# Incidence of Covid-19 and Neighborhood Activity

The world is currently in the grip of a global pandemic of SARS-CoV-2. Countries, and public health departments in particular, have been fairly open about infection data in order to give the public the information necessary to make behavioral choices to protect themselves and their communities. We might wonder, though, whether this data is being consumed and deployed at the individual level. The proposed project will explore this question using location-tagged COVID-19 infection data paired with Foursquare trending venue data. We ask, is the level of COVID-19 infection in a neighborhood correlated with the kinds of activity we observe in that neighborhood?

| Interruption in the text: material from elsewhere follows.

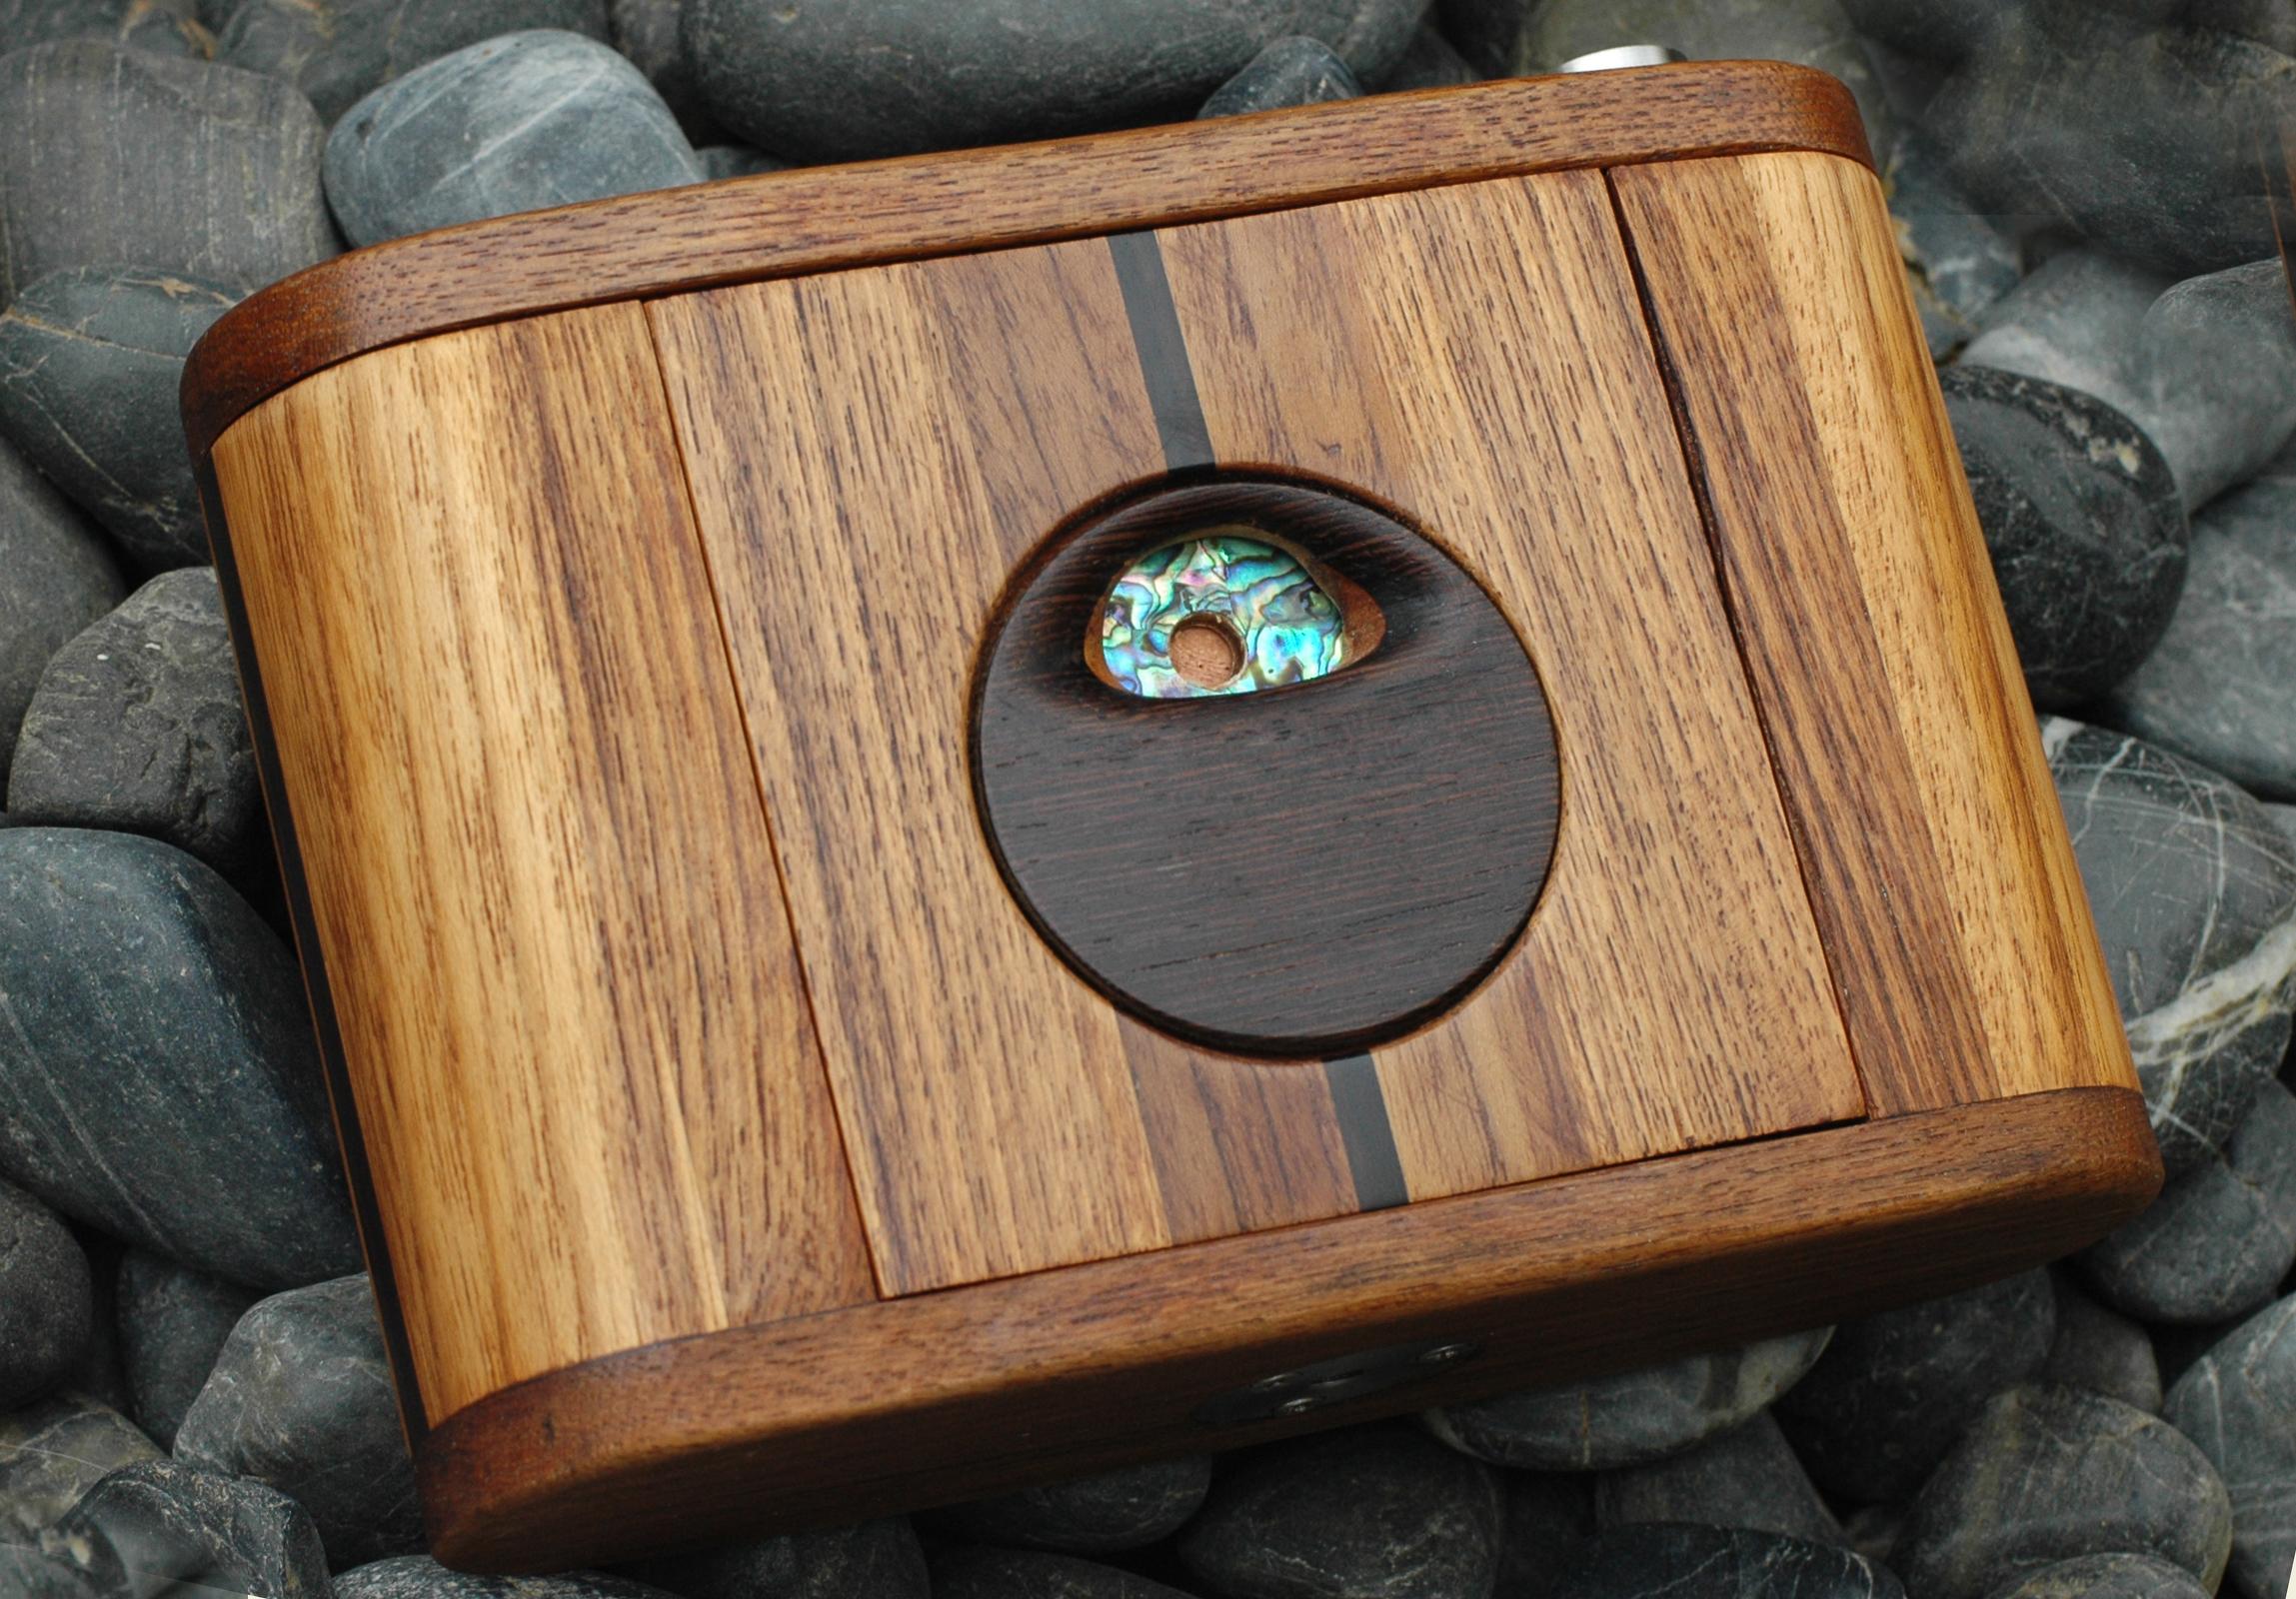 Pinhole Camera Chamaeleon Panorama 6x9-2 #119 - skink pinhole

For instance, if we find that the level of activity in indoor spaces like grocery stores is negatively correlated with COVID-19 levels in a neighborhood, it suggests that residents are aware of the danger in their community and are avoiding enclosed spaces. If we see a positive correlation, we evidence (though not proof!) for some causal link, that is the high activity itself could be explaining the high incidence of disease.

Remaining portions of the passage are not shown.